Medifast, Inc (MED - Free Report) is scheduled to release third-quarter 2018 results on Nov 6, after market close. Earnings of this renowned weight management and nutritional products company beat the Zacks Consensus Estimate in the past 10 quarters. Moreover, revenues surpassed estimates in the trailing four quarters. The company’s top- and bottom-line performances have been impressive on a year-over-year basis.
Let’s see how things are shaping up prior to the upcoming quarterly announcement and discuss if the company can sustain robust performance trend.
Sturdy Increase in Coaches: A Key Catalyst
Medifast relies on earning coaches for revenue generation. Coaches not only form a vital sales channel, but also act as advisors to clients and help reach out to new customers by generating awareness regarding products and health programs. Notably, the company is steadily gaining from growth in active earning coaches base. In fact, during the second quarter of 2018, active earnings coaches increased almost 46% to 19,700. Also, in the said period, average revenues generated by these coaches increased 16.1% to reach $5,474. This substantially aided top-line growth. Moreover, the company is on track with training and development of coaches to continue enhancing their productivity.
Growth in OPTAVIA Likely to Sustain
Medifast has been steadily gaining from the OPTAVIA brand for a while. The brand represented almost 64% and 58% of the company’s consumable unit sales during the second and the first quarters of 2018, respectively. The brand is supported by approximately 71 SKUs, which aids the company’s coaches to reach out to clients effectively and boost revenues. Further, the company engages in holding conventions, specifically focusing on the OPTAVIA brand that helps training new coaches and discussing strategies for sustaining growth. Such endeavors are likely to continue aiding advancement of the OPTAVIA brand and fuel the company’s top-line performance.

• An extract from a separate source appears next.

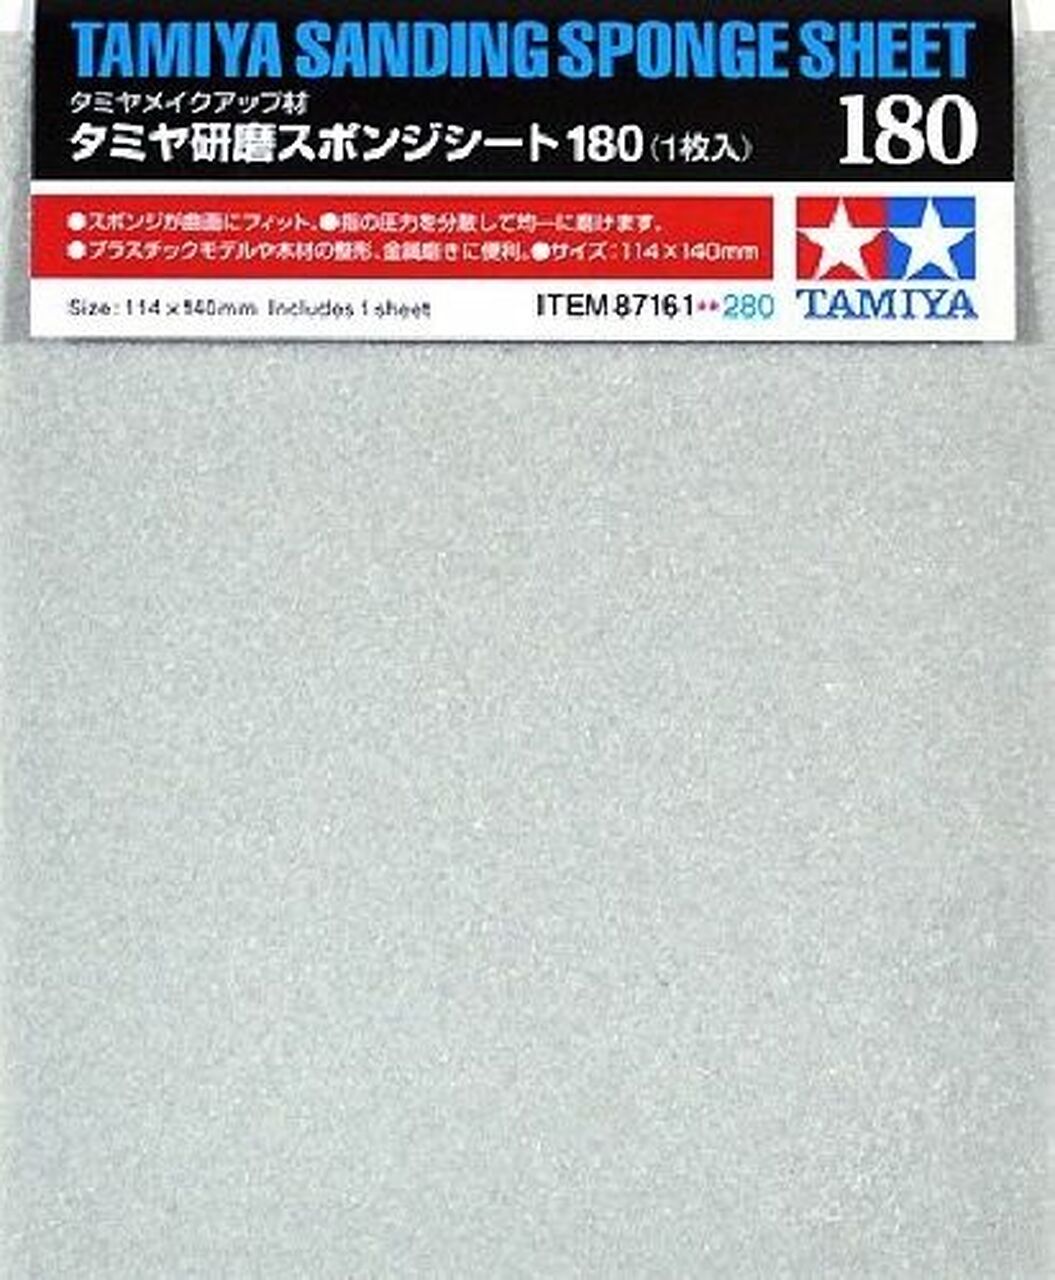 Tamiya Sanding Sponge Sheet - 180

MEDIFAST INC Price, Consensus and EPS Surprise
Other Strategic Efforts
Consumers’ growing inclination toward health and fitness encourages Medifast to continue investing toward growth of its brands and tap into the rising demand for healthy products. In this respect, management is on track with strengthening the e-commerce platform through technological upgradations. Further, the company is on track with augmenting distribution base. In fact, a new distribution center was opened during the second quarter in Nevada. Apart from these, Medifast is also on track with expanding business internationally, especially in the Asian markets.
Estimates Unveil Bright Prospects
We expect the aforementioned factors to continue aiding Medifast’s performance in the upcoming quarterly release. In fact, such endeavors are anticipated to help the company in cushioning the hurdles related to rising expenses, stemming primarily from growing client base and higher discounts.
Incidentally, Management expects revenues for the third quarter in the range of $120-$125 million, depicting growth from $77 million in the prior-year quarter. The Zacks Consensus Estimate for revenues for the third quarter is currently pegged at $125 million.
Additionally, the Zacks Consensus Estimate for earnings for the impending quarter is currently pegged at $1.15, reflecting an improvement from 55 cents reported in the year-ago quarter. This estimate has been stable in the past 30 days. Further, management predicts earnings for the quarter under review in the range of $1.05-$1.10.
What Does the Zacks Model Predict?
Our proven model doesn’t show that Medifast can beat bottom-line estimates this quarter. For this to happen, a stock needs to have a positive Earnings ESP and a Zacks Rank #1 (Strong Buy), 2 (Buy) or 3 (Hold). You can uncover the best stocks to buy or sell before they’re reported with our Earnings ESP Filter.
Although Medifast currently carries a Zacks Rank #3, its Earnings ESP of 0.00% reduces chances of an earnings beat. You can see the complete list of today’s Zacks #1 Rank stocks here.
Stocks Poised to Beat Earnings Estimates
Here are a few companies you may want to consider as our model shows that they have the right combination of elements to post an earnings beat:
The Hain Celestial Group, Inc (HAIN - Free Report) has an Earnings ESP of +5.66% and a Zacks Rank #3.
Nu Skin Enterprises, Inc (NUS - Free Report) has an Earnings ESP of +0.21% and a Zacks Rank #3.
Turning Point Brands, Inc (TPB - Free Report) has an Earnings ESP of +8.74% and a Zacks Rank #3.